(Items from a data source)
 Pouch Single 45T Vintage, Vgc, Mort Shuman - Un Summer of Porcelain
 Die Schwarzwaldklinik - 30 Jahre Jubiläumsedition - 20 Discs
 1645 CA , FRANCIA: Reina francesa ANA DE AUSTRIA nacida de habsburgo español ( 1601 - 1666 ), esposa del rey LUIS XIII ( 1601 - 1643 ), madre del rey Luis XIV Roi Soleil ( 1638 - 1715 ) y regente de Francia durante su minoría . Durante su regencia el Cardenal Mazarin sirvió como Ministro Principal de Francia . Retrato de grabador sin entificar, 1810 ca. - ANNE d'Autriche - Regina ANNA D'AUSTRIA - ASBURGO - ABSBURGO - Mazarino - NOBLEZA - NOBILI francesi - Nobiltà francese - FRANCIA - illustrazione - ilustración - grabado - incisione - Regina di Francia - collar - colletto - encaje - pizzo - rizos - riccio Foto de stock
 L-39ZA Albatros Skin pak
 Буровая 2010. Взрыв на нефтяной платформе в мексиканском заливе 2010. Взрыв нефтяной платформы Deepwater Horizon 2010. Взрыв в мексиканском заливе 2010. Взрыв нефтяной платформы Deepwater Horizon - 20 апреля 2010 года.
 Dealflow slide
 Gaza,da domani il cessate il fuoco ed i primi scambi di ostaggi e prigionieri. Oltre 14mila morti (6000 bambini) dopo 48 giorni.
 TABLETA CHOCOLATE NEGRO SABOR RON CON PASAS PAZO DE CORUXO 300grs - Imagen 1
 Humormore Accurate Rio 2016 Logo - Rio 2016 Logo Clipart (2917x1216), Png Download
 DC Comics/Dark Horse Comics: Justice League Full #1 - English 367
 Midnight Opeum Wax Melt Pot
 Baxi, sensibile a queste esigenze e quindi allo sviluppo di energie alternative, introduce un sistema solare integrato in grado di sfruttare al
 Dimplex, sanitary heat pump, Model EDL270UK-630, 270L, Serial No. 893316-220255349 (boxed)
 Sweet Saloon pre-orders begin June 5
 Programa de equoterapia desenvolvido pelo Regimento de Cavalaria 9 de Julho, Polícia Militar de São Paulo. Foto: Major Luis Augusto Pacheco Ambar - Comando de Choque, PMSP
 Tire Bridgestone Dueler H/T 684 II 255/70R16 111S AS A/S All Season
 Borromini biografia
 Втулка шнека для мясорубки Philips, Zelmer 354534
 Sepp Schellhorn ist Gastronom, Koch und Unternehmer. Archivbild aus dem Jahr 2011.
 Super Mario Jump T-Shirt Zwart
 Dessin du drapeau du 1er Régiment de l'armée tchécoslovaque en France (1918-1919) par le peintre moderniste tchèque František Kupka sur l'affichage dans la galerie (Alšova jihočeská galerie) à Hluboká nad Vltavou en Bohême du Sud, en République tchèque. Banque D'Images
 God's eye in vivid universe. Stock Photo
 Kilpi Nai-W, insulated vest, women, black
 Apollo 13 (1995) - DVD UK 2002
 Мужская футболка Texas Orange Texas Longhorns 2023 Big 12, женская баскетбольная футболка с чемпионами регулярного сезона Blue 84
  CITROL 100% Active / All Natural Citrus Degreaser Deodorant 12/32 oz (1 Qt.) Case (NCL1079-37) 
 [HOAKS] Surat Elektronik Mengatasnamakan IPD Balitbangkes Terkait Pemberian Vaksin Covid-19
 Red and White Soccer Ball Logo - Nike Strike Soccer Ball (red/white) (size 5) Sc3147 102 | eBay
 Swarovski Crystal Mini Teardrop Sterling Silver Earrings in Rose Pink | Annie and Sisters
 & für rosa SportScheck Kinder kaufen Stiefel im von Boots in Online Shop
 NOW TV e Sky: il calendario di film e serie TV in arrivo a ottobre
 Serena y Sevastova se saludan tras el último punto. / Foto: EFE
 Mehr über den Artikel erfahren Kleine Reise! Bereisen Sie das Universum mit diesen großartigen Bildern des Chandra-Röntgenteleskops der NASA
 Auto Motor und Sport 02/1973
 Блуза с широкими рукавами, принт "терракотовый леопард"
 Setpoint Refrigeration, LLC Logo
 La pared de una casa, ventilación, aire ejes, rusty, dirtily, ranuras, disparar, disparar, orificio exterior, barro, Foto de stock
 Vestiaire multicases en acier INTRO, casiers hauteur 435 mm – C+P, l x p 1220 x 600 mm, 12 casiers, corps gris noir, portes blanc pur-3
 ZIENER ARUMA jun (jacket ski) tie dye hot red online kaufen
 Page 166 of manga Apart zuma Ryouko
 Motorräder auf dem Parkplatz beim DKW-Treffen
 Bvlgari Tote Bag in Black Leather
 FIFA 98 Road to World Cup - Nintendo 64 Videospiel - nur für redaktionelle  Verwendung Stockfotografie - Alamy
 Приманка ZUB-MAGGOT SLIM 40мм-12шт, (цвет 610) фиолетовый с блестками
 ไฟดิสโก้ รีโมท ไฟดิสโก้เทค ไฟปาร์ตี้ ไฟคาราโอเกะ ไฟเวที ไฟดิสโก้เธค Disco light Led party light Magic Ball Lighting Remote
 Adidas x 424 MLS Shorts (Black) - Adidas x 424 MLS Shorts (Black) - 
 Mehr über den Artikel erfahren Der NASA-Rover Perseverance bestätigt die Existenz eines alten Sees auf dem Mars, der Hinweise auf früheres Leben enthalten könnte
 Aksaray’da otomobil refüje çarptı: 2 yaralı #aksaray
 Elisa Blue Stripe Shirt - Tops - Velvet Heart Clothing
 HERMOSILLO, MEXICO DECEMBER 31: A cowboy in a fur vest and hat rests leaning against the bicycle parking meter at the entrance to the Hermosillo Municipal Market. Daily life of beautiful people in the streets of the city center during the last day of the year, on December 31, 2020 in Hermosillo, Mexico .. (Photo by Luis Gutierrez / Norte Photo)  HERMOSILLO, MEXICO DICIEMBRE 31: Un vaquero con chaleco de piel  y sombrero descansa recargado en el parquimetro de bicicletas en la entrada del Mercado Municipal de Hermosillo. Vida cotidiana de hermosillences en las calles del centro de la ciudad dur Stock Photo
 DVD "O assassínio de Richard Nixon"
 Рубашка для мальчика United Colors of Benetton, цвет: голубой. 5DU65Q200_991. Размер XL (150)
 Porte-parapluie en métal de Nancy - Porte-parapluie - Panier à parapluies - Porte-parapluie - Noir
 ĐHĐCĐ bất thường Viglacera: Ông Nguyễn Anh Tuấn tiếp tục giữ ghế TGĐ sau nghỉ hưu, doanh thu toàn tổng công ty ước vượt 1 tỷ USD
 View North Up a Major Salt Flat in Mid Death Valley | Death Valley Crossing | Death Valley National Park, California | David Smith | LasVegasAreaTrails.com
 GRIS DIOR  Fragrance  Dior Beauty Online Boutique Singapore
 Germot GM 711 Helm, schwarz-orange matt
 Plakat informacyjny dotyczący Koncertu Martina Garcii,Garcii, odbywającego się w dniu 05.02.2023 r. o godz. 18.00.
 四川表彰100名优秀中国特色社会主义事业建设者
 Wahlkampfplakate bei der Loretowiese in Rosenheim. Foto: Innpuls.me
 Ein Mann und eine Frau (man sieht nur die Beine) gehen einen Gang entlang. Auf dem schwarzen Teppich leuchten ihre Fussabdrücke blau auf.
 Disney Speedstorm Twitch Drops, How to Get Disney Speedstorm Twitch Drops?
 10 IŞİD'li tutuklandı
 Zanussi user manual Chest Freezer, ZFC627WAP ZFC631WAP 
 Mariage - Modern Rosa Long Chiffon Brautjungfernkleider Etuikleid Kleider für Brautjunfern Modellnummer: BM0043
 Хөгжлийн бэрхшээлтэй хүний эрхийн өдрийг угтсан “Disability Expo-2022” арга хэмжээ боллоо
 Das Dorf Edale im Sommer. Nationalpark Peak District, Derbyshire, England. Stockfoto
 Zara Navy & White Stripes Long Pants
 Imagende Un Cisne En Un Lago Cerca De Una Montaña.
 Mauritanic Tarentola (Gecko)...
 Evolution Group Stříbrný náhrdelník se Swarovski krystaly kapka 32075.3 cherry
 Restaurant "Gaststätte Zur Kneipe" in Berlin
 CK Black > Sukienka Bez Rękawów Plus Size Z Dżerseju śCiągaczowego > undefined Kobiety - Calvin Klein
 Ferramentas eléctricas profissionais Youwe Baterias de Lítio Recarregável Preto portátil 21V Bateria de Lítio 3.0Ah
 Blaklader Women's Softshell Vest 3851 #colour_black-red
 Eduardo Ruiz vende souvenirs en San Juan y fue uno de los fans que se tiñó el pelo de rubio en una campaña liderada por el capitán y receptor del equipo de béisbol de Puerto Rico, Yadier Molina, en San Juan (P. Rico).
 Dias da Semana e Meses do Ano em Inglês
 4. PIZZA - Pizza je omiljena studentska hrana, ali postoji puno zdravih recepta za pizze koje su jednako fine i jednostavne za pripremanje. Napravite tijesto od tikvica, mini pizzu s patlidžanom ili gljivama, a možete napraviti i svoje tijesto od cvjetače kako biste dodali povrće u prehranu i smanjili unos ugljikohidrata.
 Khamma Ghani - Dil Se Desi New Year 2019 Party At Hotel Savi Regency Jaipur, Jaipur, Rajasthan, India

(PROBLEM TO WORK ON) The answer must be every line from the records above that contains the word "Blue", copied in full.

(THE ANSWER)
 Мужская футболка Texas Orange Texas Longhorns 2023 Big 12, женская баскетбольная футболка с чемпионами регулярного сезона Blue 84
 Elisa Blue Stripe Shirt - Tops - Velvet Heart Clothing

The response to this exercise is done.